▸ Provided material
/---
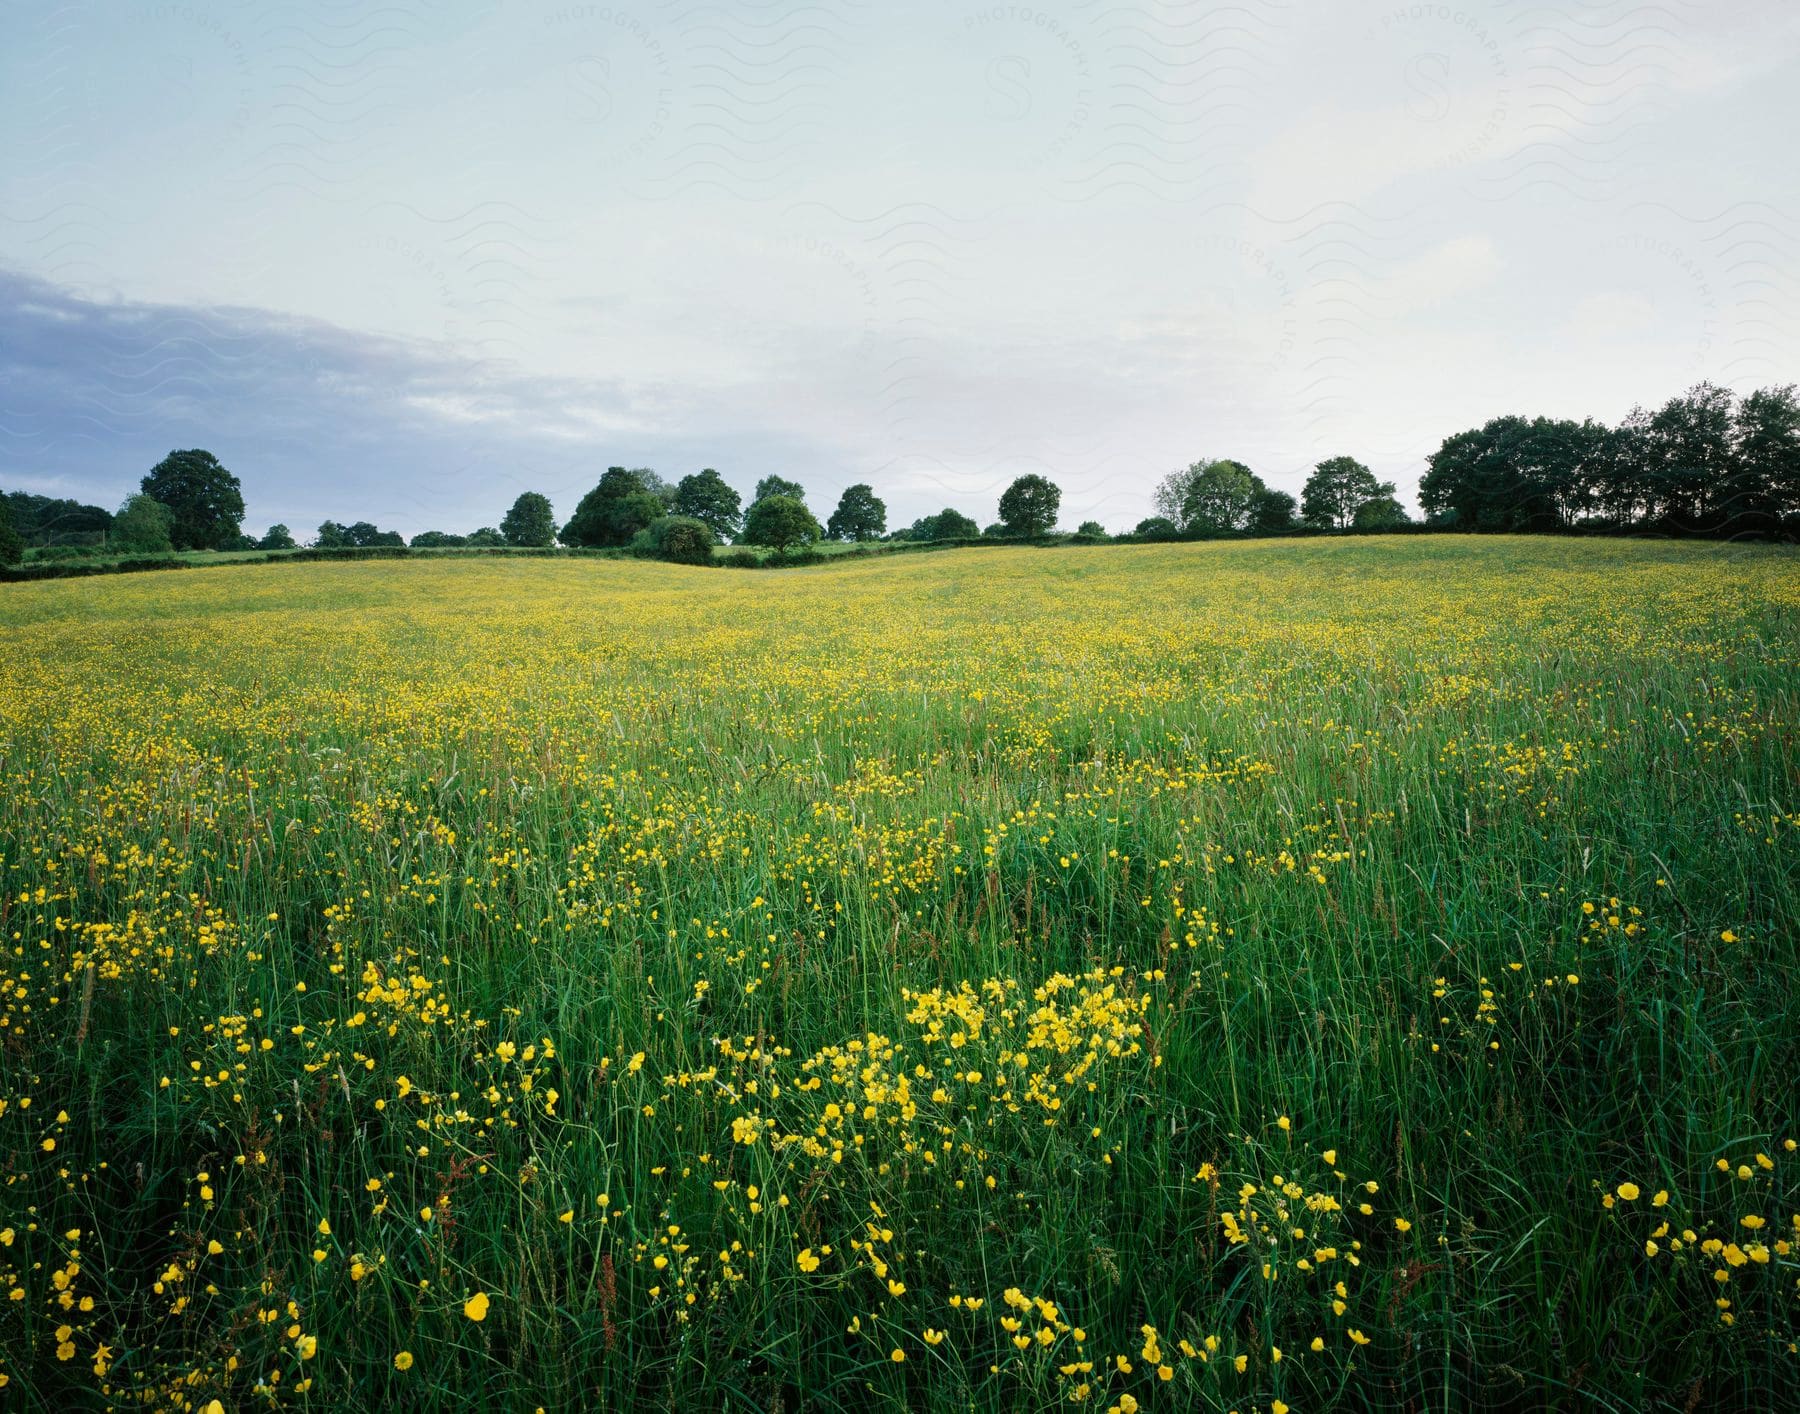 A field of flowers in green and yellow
\---
/---
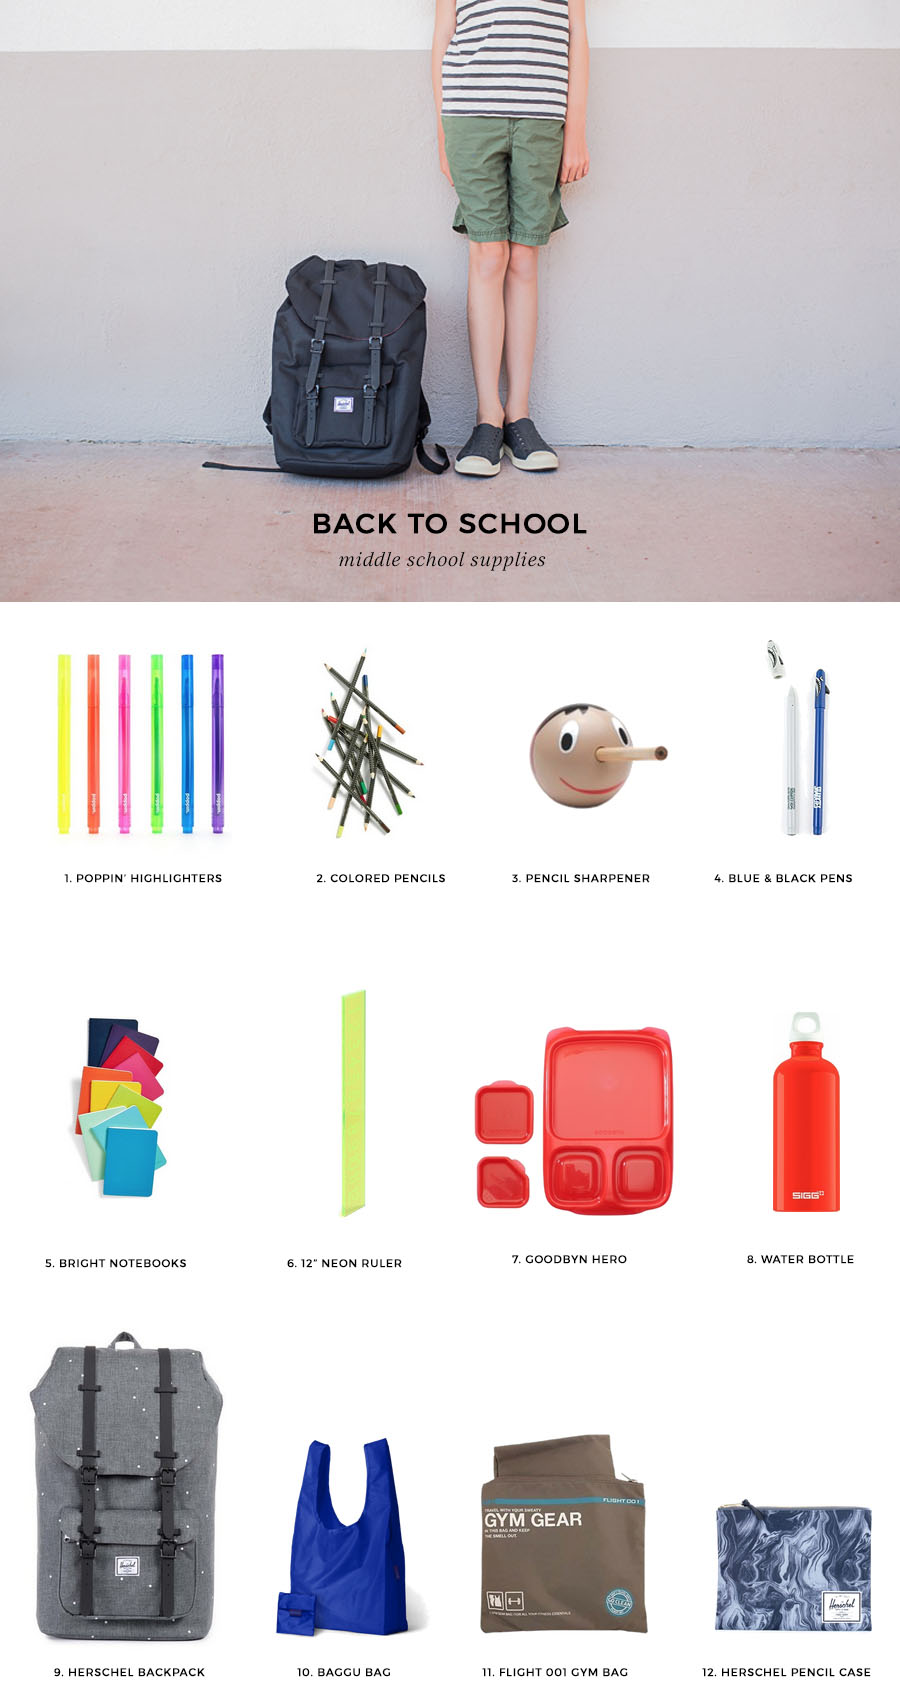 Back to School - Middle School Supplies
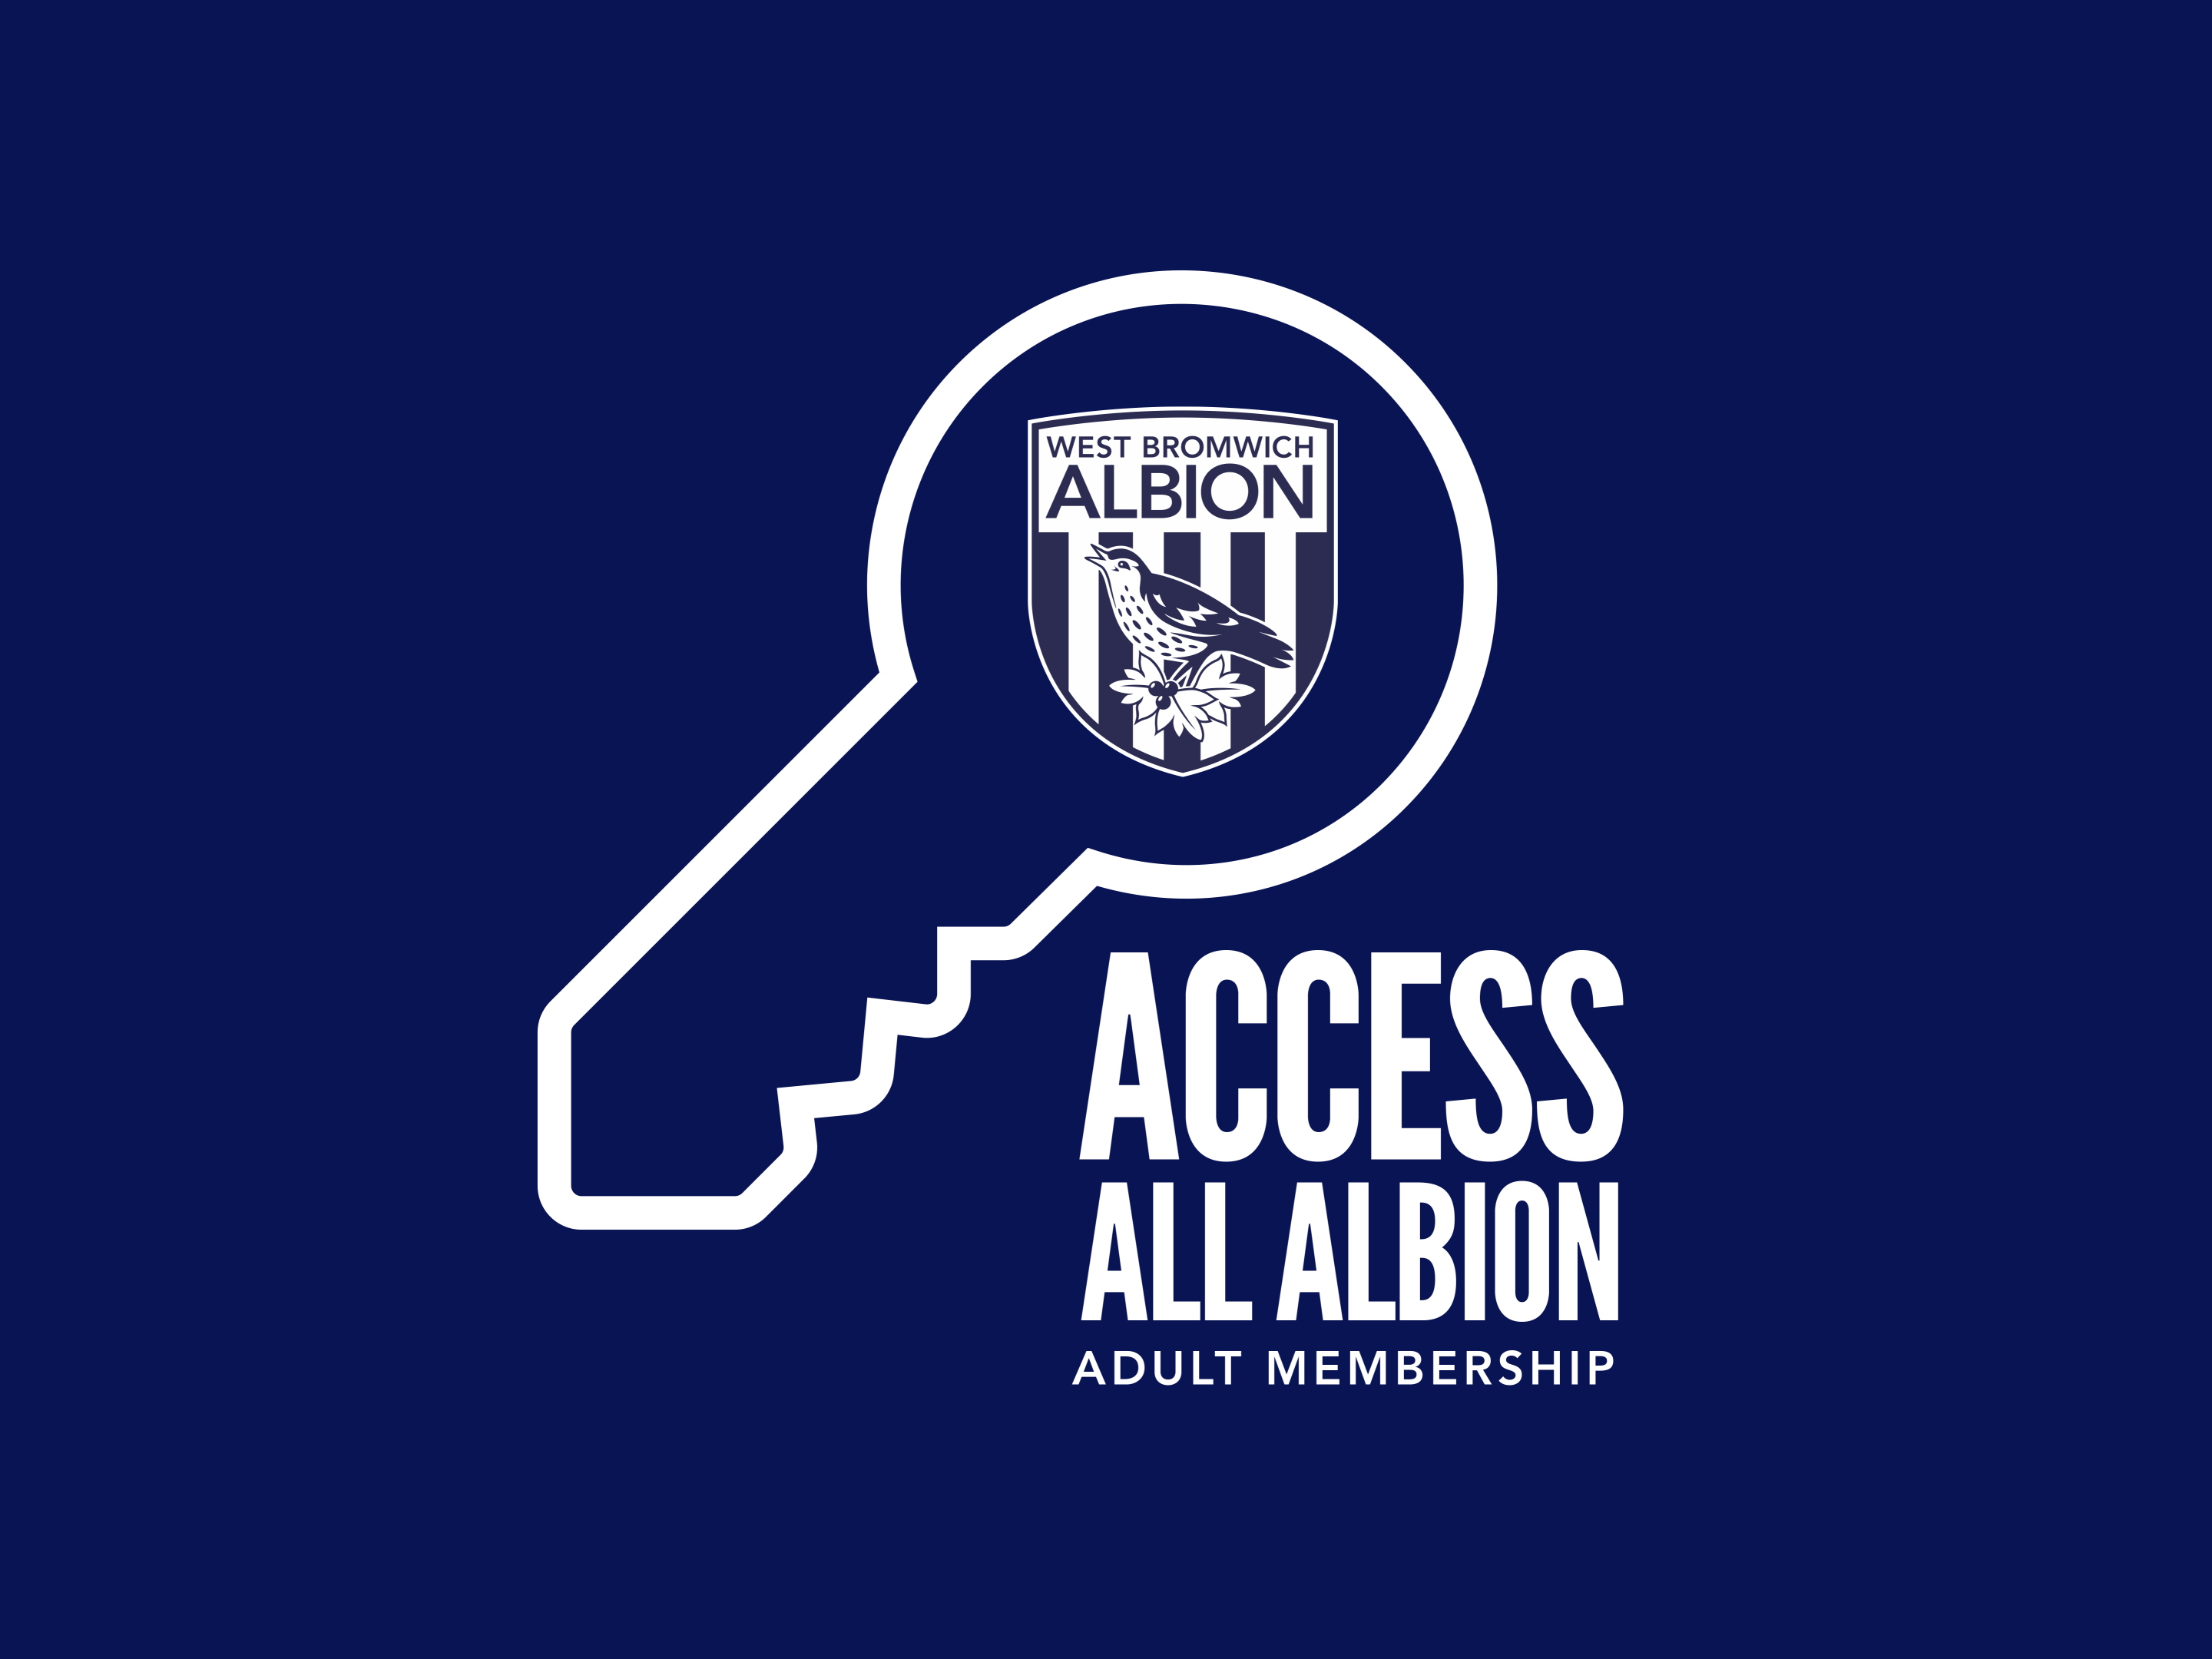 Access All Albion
\---
▸ Activity
Only the lines starting at the one with "Back to School - Middle School Supplies" and ending at the one with "Access All Albion" should be printed, each exactly as it appears in the material above; the pictures are to be omitted.

▸ Reply
 Back to School - Middle School Supplies
 Access All Albion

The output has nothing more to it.